## EXERCISE INSTRUCTIONS
All that is needed is an exact copy of the lines from the beginning of the data below through the line containing "Download wallpaper Siberian", minus the pictures.

## INFORMATION SUPPLIED
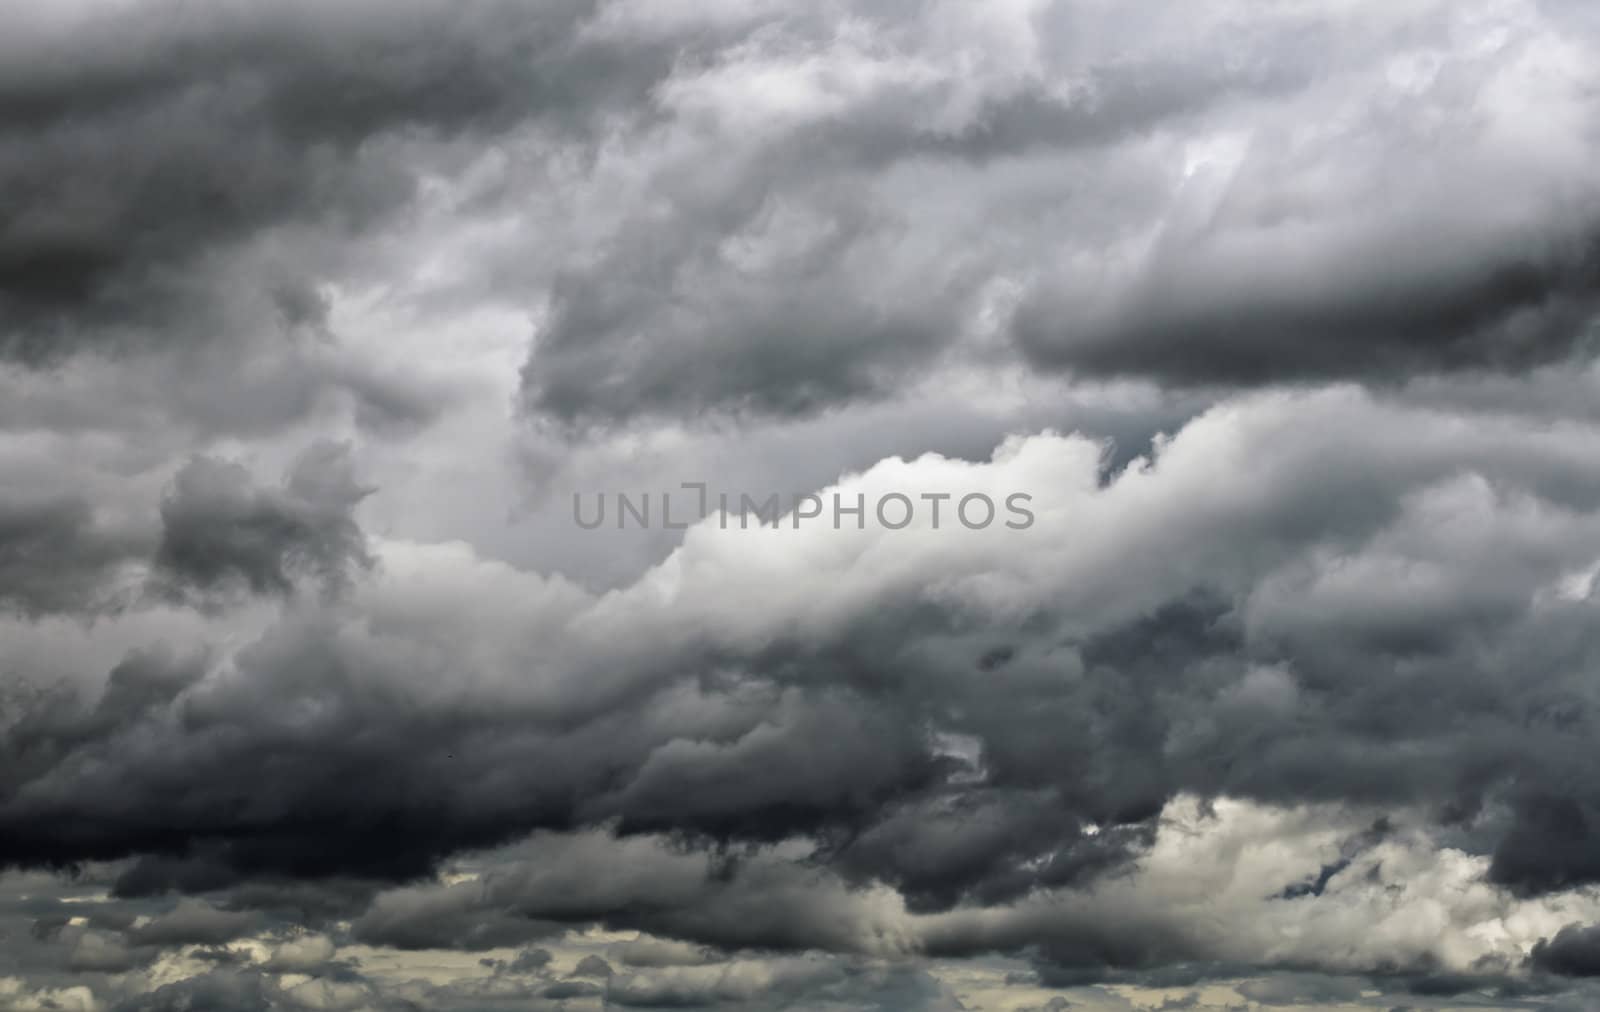 Sky with violent and dramatic clouds
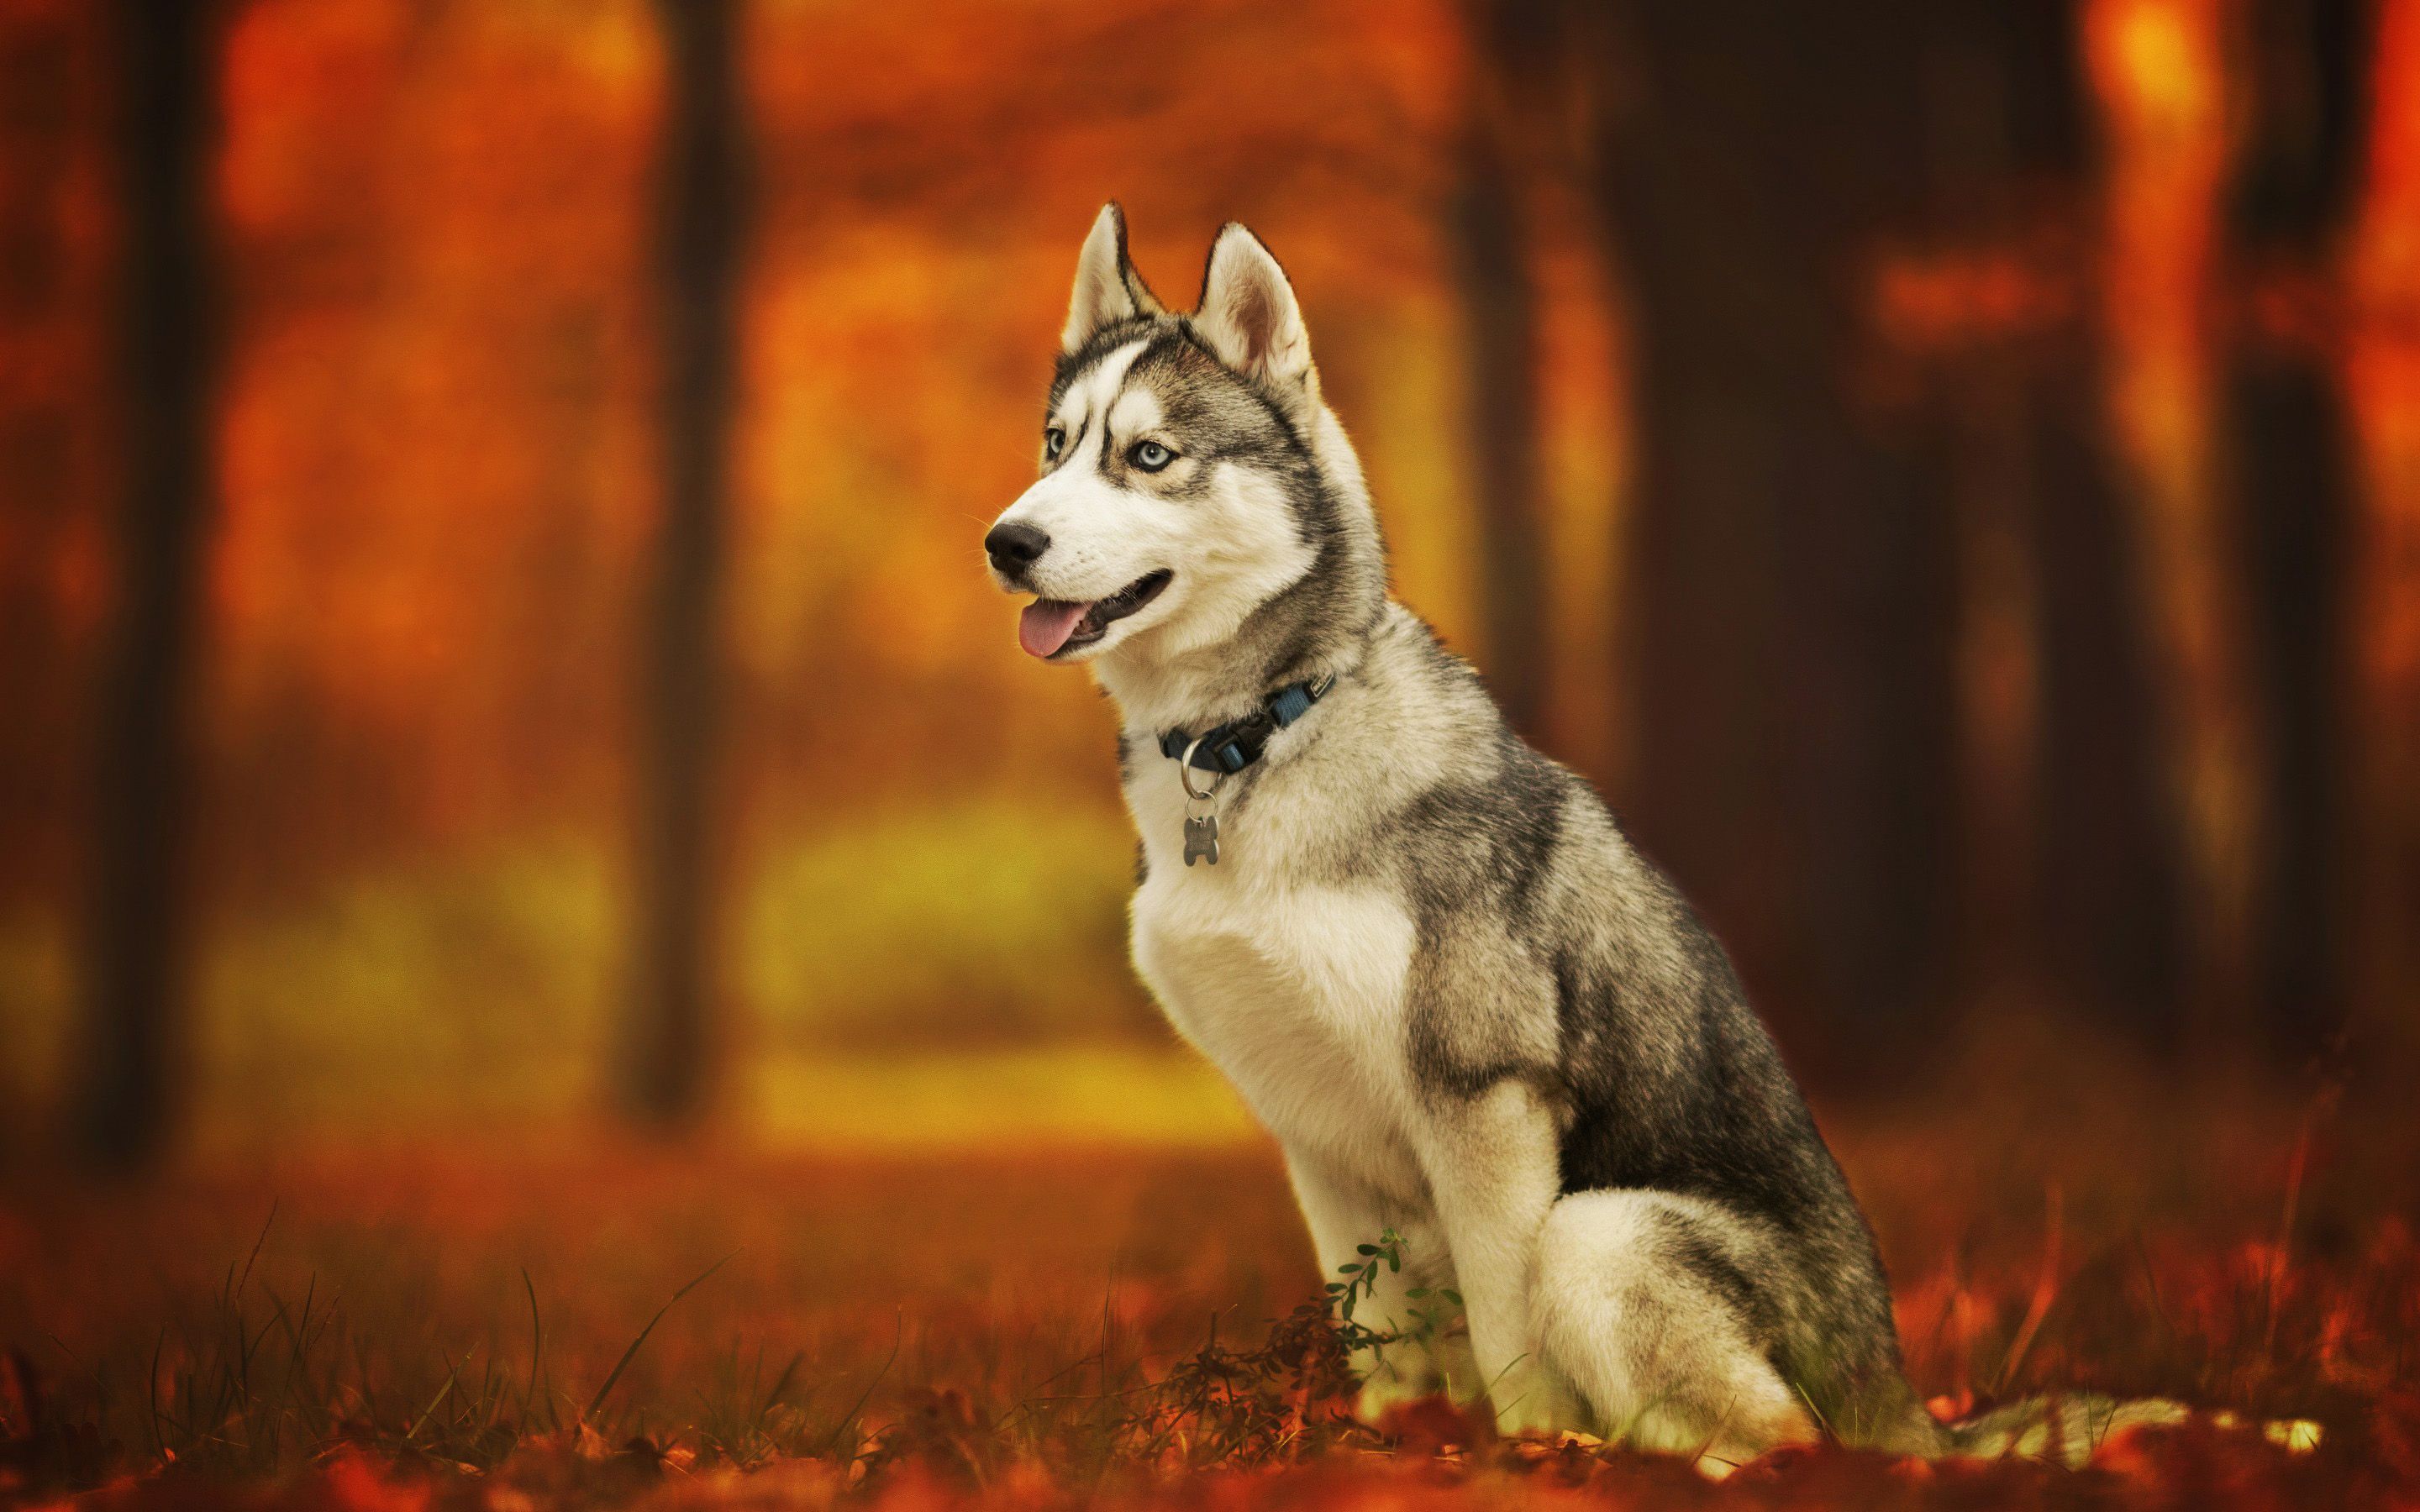 Download wallpaper Siberian Husky, autumn, pets, cute animals, bokeh, forest, Husky, cute dog, dogs, Siberian Husky Dog for desktop with resolution 2880x1800. High Quality HD picture wallpaper
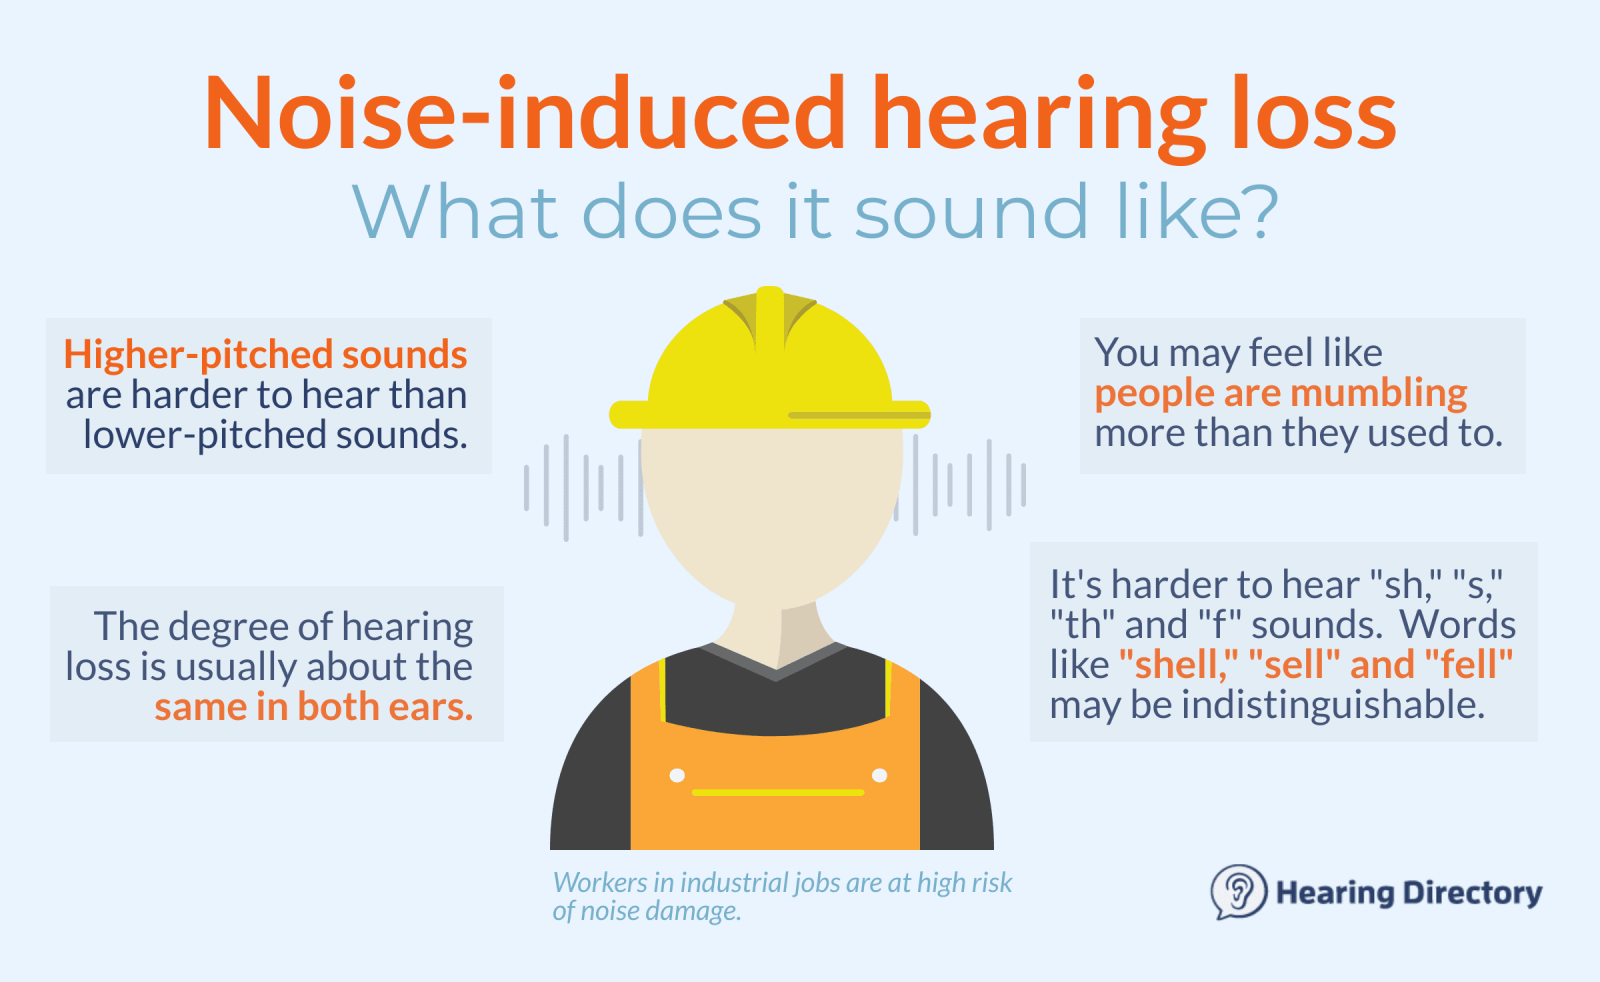 Infographic explaining what it sounds like when you have noise-induced hearing loss.

## OUTPUT BELOW
 Sky with violent and dramatic clouds
 Download wallpaper Siberian Husky, autumn, pets, cute animals, bokeh, forest, Husky, cute dog, dogs, Siberian Husky Dog for desktop with resolution 2880x1800. High Quality HD picture wallpaper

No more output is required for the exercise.